THE PROBLEM: The material below is to be copied exactly from the line with "Svatební polštářek- barva" up to and including the line with "Adidas '3 Sweatjacke", with nothing else kept and no pictures.
++++ INFORMATION GIVEN
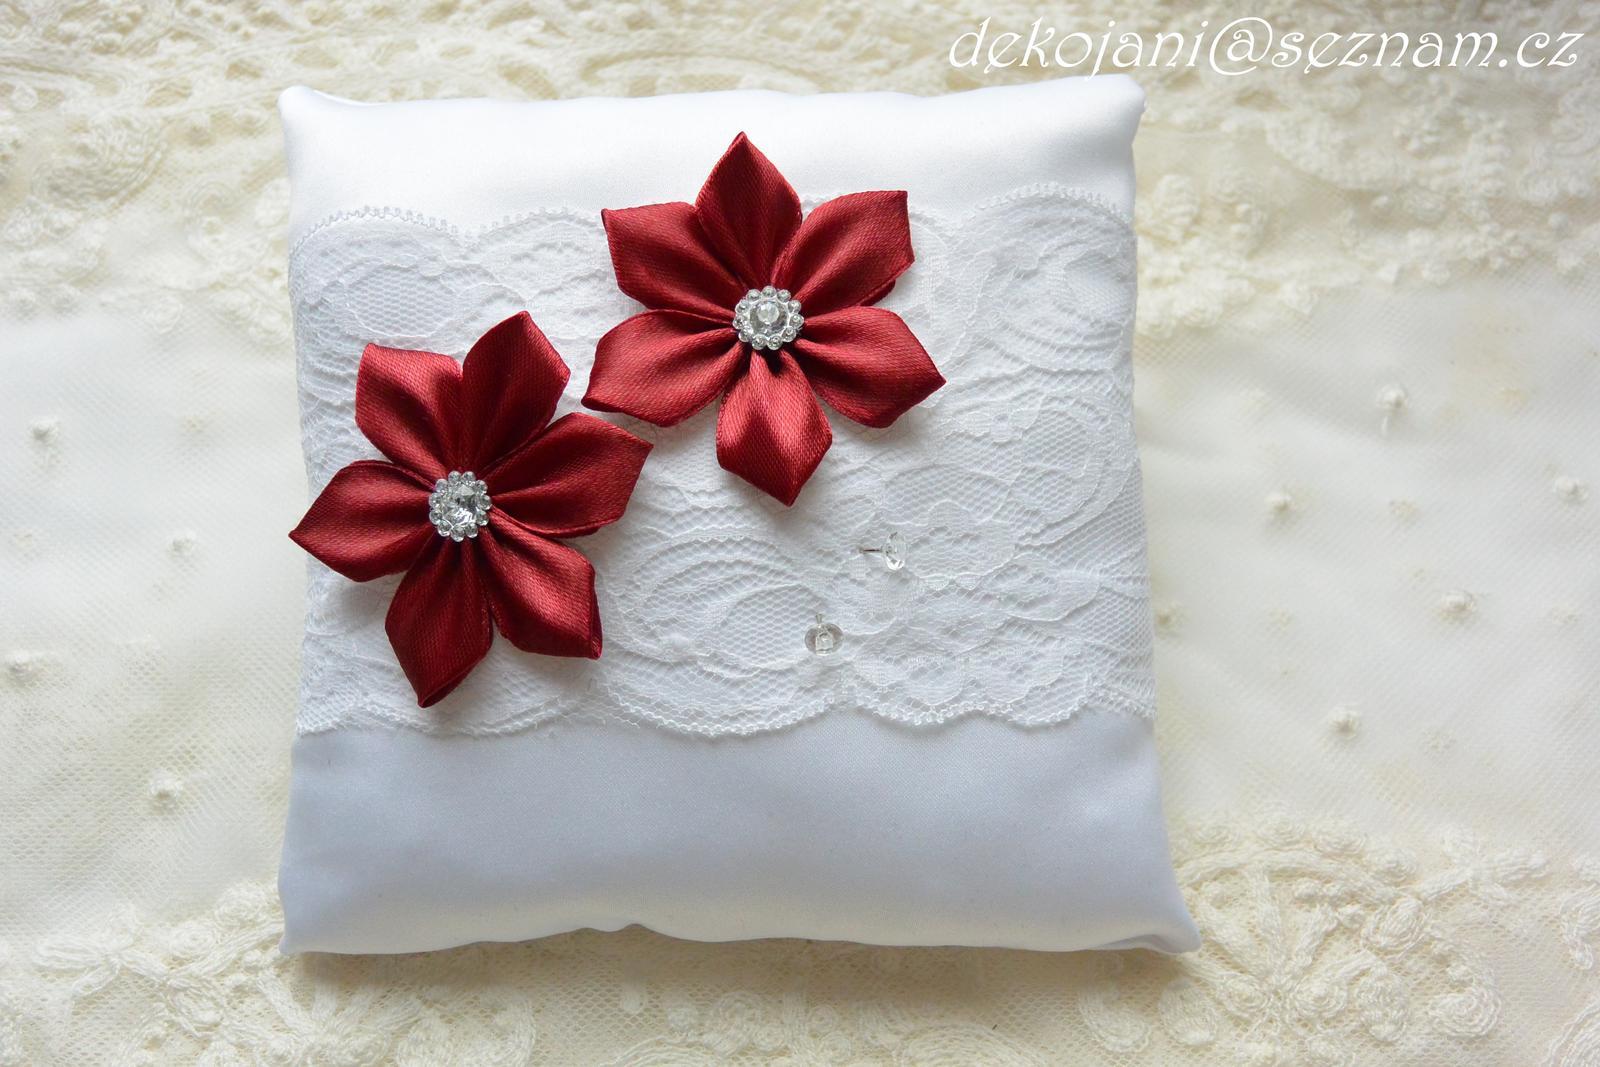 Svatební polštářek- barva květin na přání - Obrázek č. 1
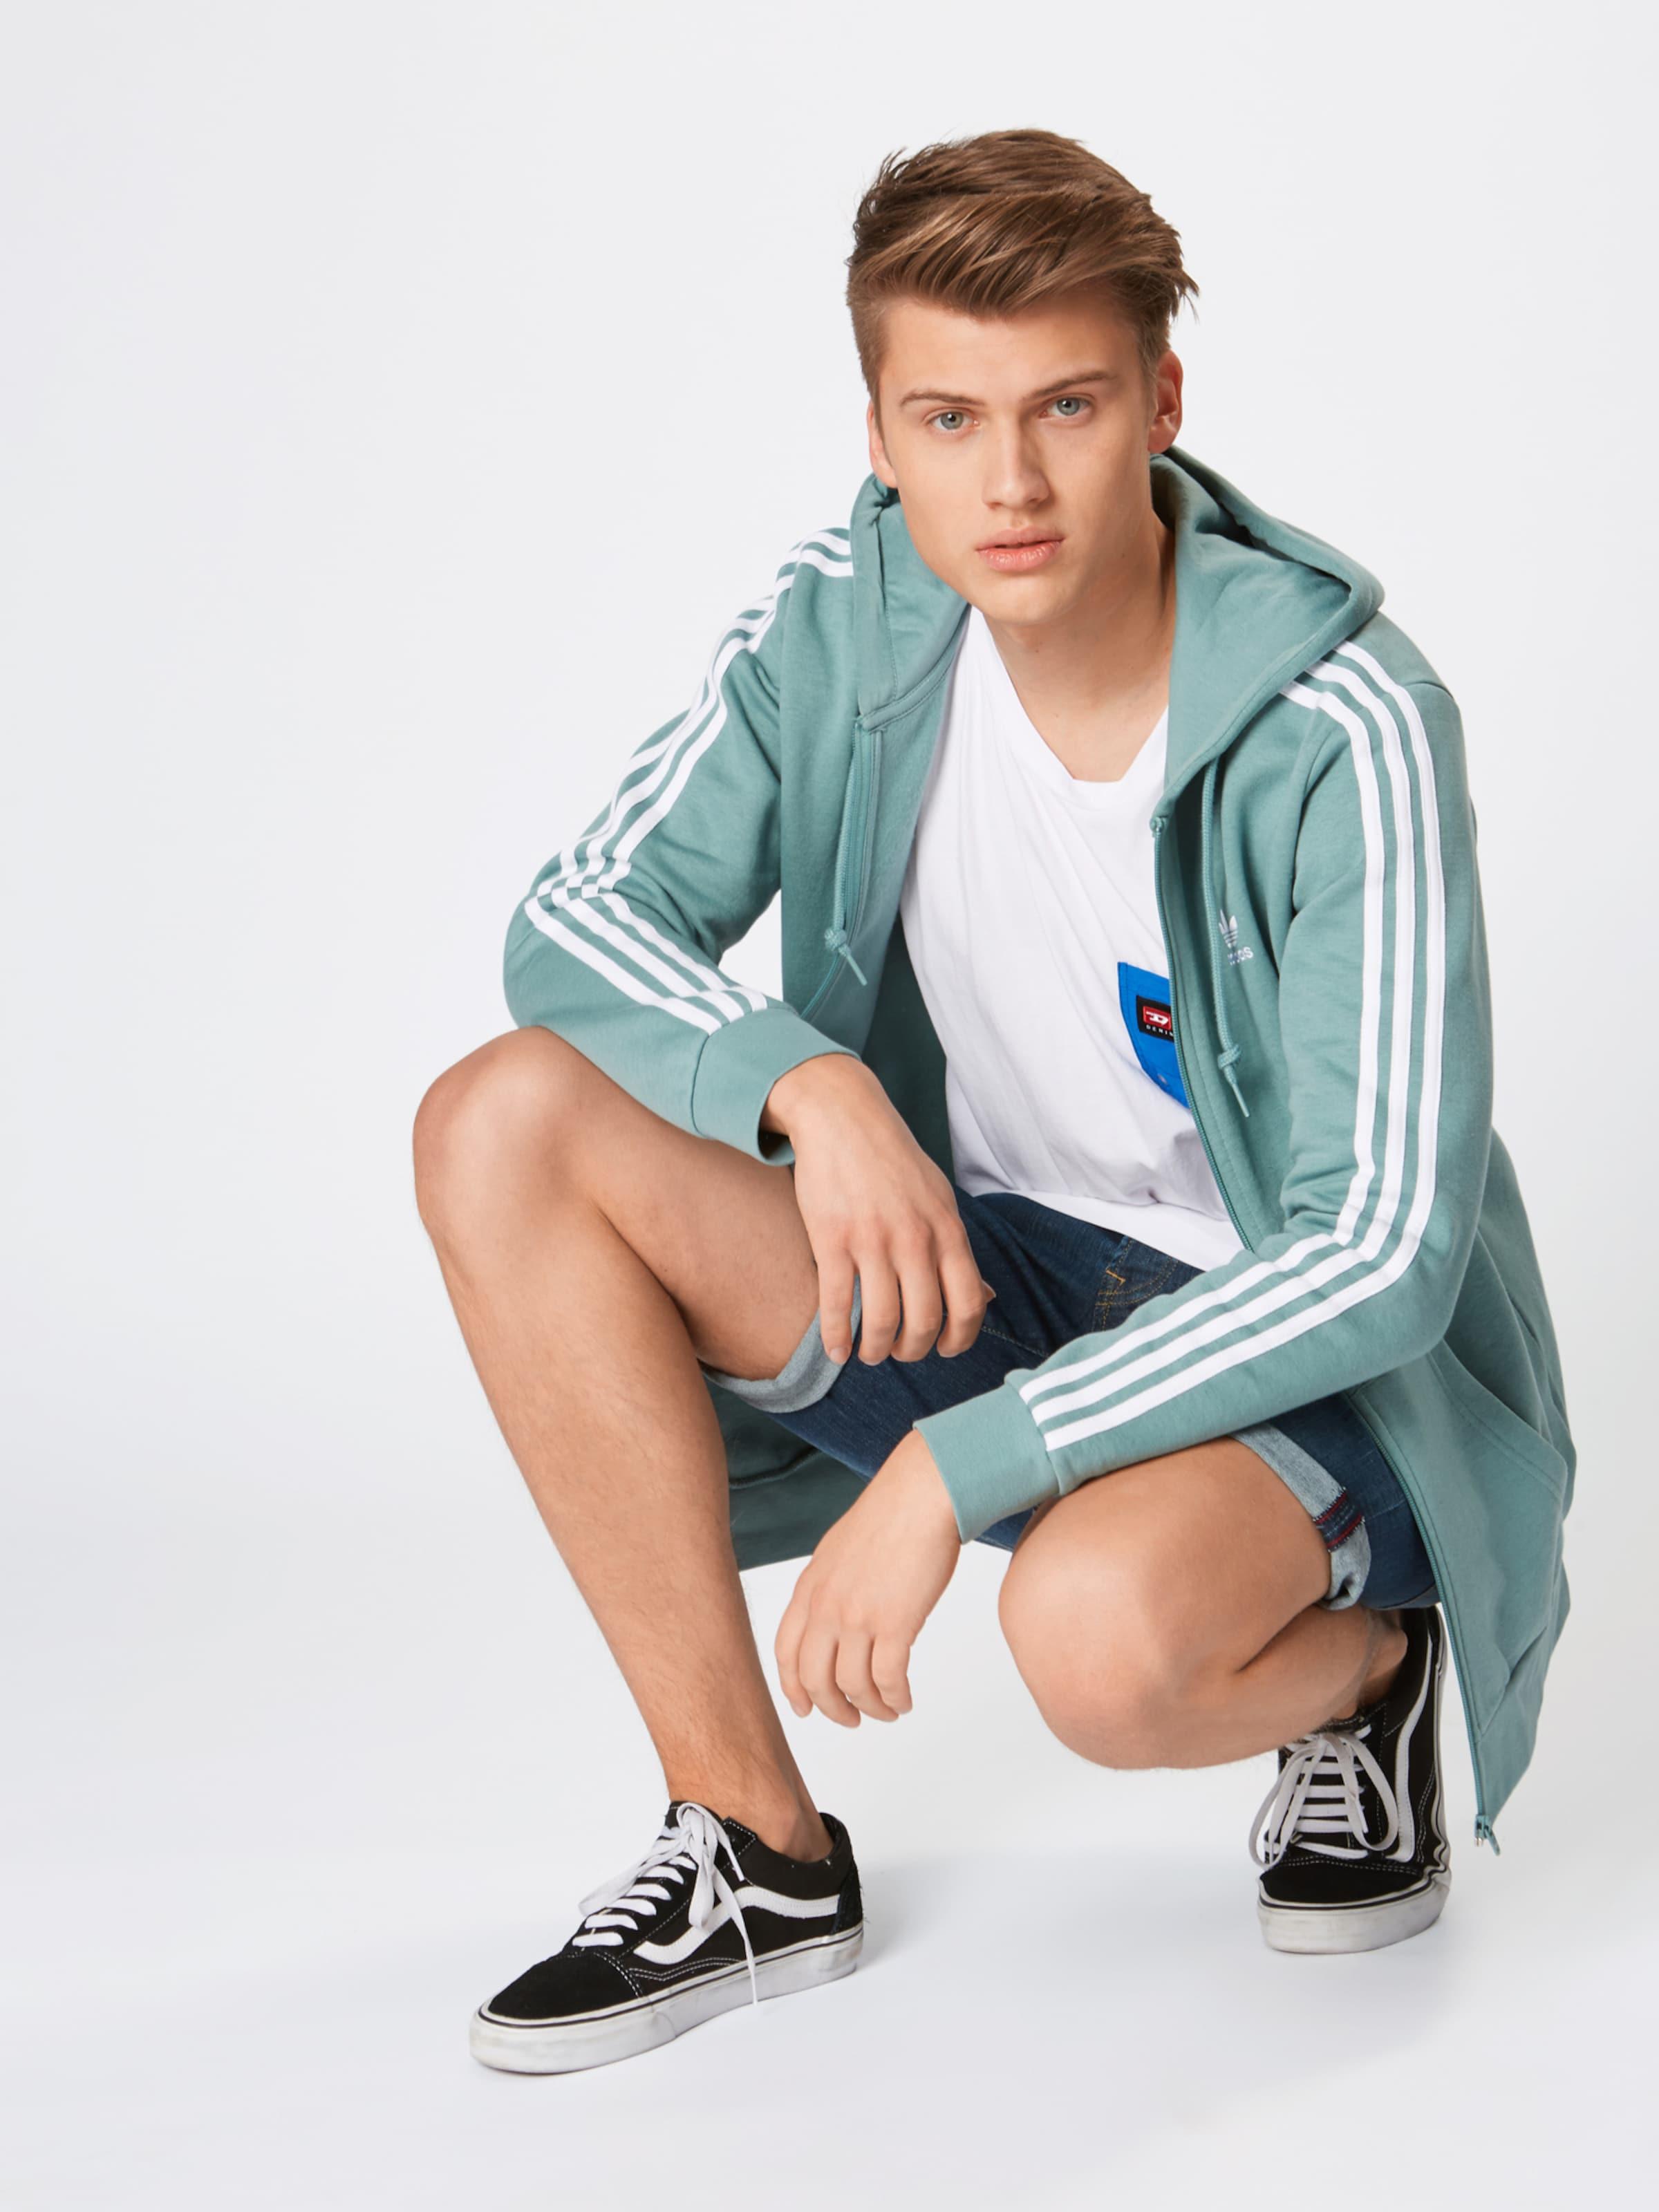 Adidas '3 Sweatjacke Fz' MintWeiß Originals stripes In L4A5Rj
++++++++
++++ INFORMATION GIVEN
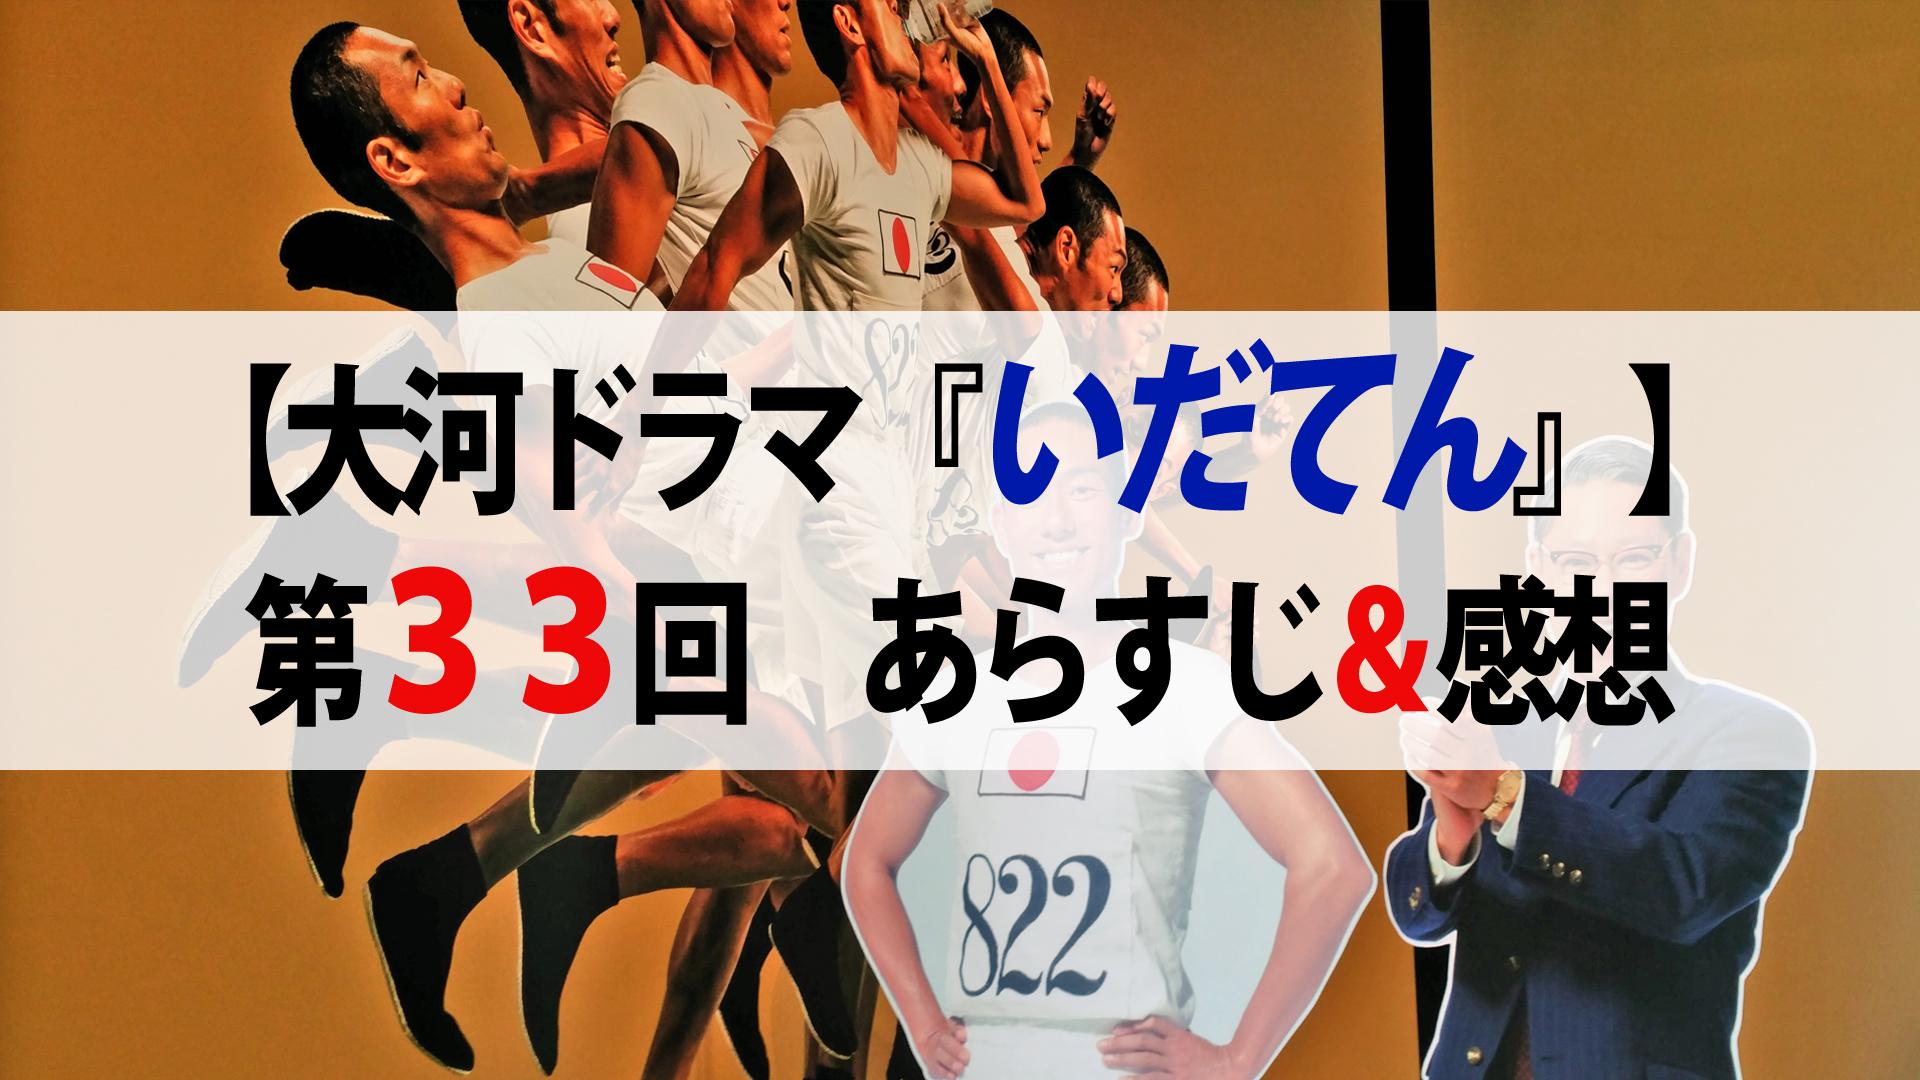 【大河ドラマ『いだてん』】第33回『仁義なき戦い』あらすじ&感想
++++++++
TASK RESULT:
 Svatební polštářek- barva květin na přání - Obrázek č. 1
 Adidas '3 Sweatjacke Fz' MintWeiß Originals stripes In L4A5Rj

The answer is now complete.